Data for this task:
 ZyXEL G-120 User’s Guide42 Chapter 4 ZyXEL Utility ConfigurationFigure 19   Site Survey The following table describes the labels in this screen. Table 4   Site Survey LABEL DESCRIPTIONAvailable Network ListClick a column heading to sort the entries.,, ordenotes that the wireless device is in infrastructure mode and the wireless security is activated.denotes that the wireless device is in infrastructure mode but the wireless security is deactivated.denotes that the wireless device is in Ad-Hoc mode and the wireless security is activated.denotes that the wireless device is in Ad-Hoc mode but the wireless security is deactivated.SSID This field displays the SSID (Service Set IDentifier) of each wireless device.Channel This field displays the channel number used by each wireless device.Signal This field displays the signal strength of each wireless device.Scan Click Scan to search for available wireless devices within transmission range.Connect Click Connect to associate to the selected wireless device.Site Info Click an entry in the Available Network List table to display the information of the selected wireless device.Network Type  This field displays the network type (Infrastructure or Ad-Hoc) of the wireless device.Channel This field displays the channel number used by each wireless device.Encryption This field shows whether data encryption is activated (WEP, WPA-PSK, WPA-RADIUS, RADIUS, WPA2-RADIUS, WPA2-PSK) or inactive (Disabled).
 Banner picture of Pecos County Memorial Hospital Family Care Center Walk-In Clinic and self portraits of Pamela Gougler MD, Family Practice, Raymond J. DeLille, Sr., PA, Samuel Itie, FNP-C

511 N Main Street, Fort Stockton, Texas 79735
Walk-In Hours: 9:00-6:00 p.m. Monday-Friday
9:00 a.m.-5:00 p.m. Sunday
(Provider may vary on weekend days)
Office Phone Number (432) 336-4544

* * *

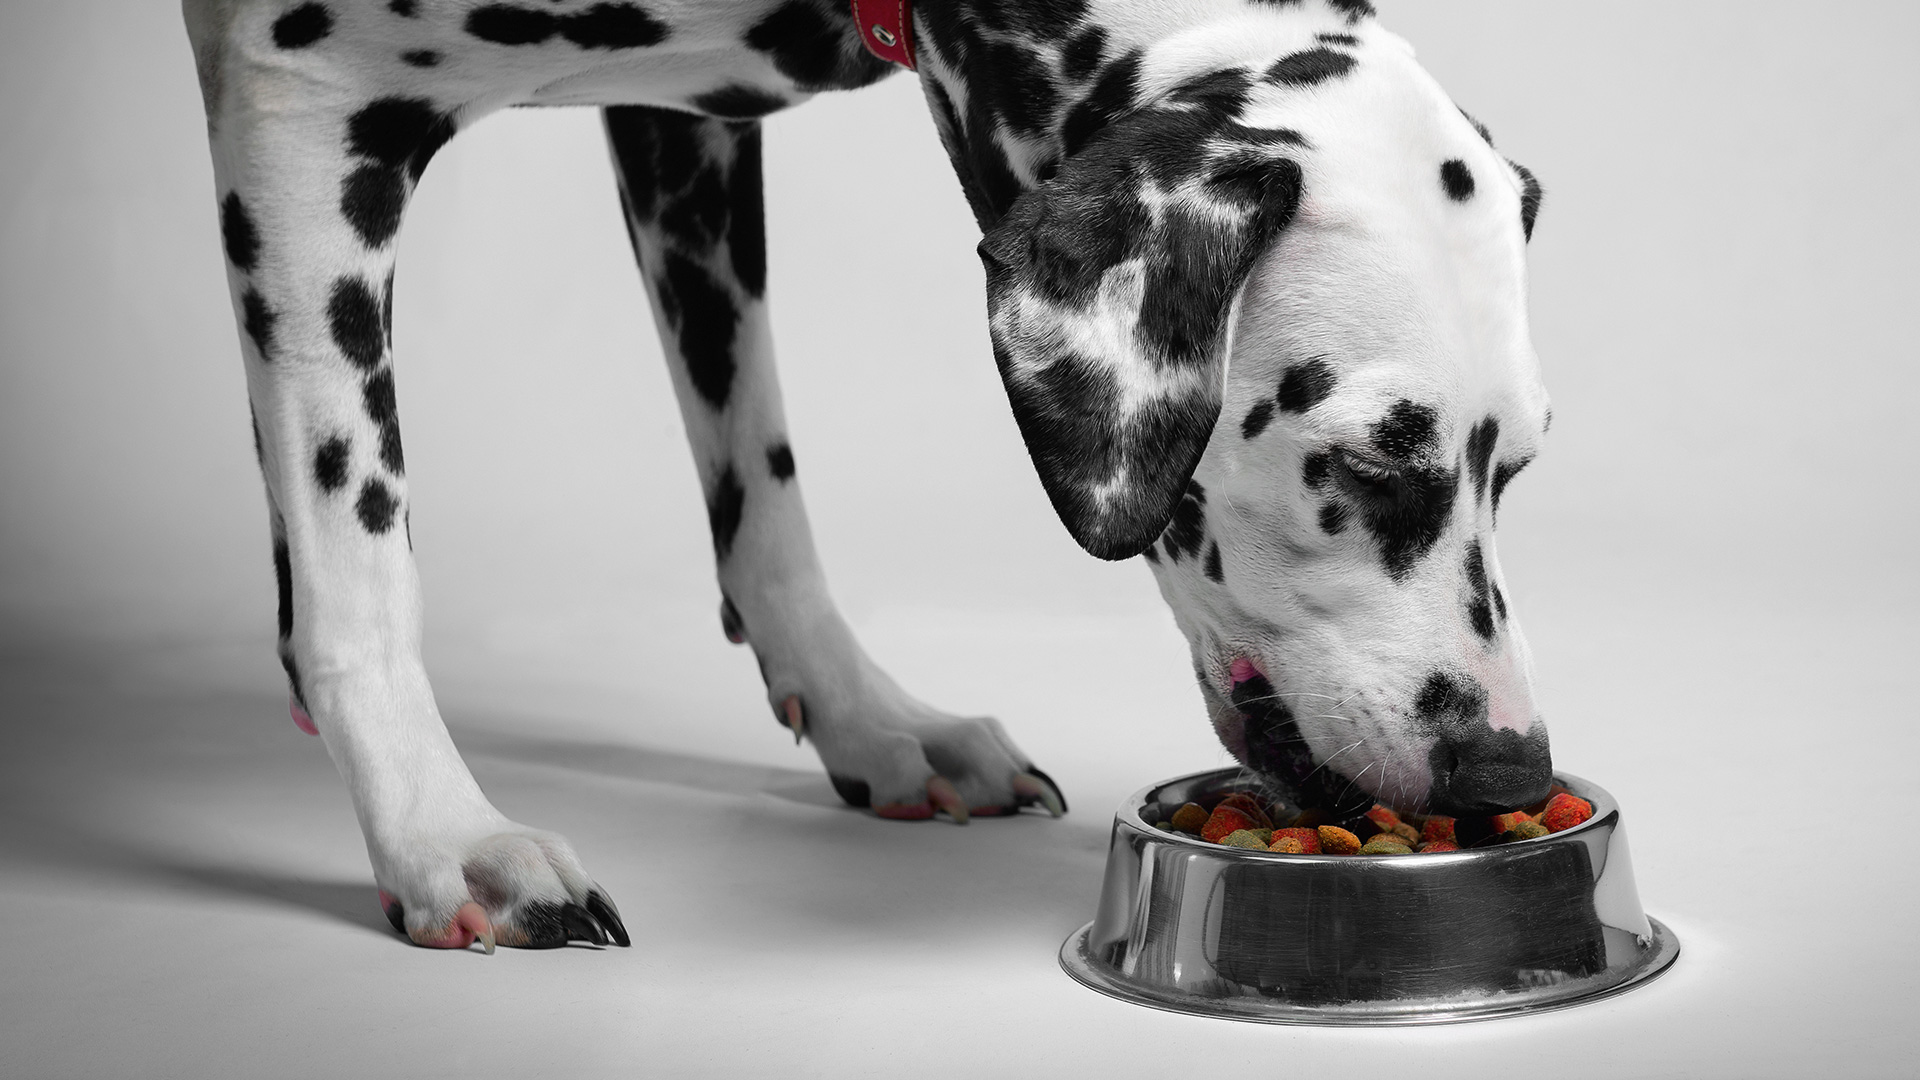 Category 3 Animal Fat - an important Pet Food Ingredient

Task directions:
From the records above, transcribe without alteration every line from the one with "Walk-In Hours: 9:00-6:00 p.m. Monday-Friday" to the one with "Office Phone Number (432) 336-4544", inclusive.

Result below:
Walk-In Hours: 9:00-6:00 p.m. Monday-Friday
9:00 a.m.-5:00 p.m. Sunday
(Provider may vary on weekend days)
Office Phone Number (432) 336-4544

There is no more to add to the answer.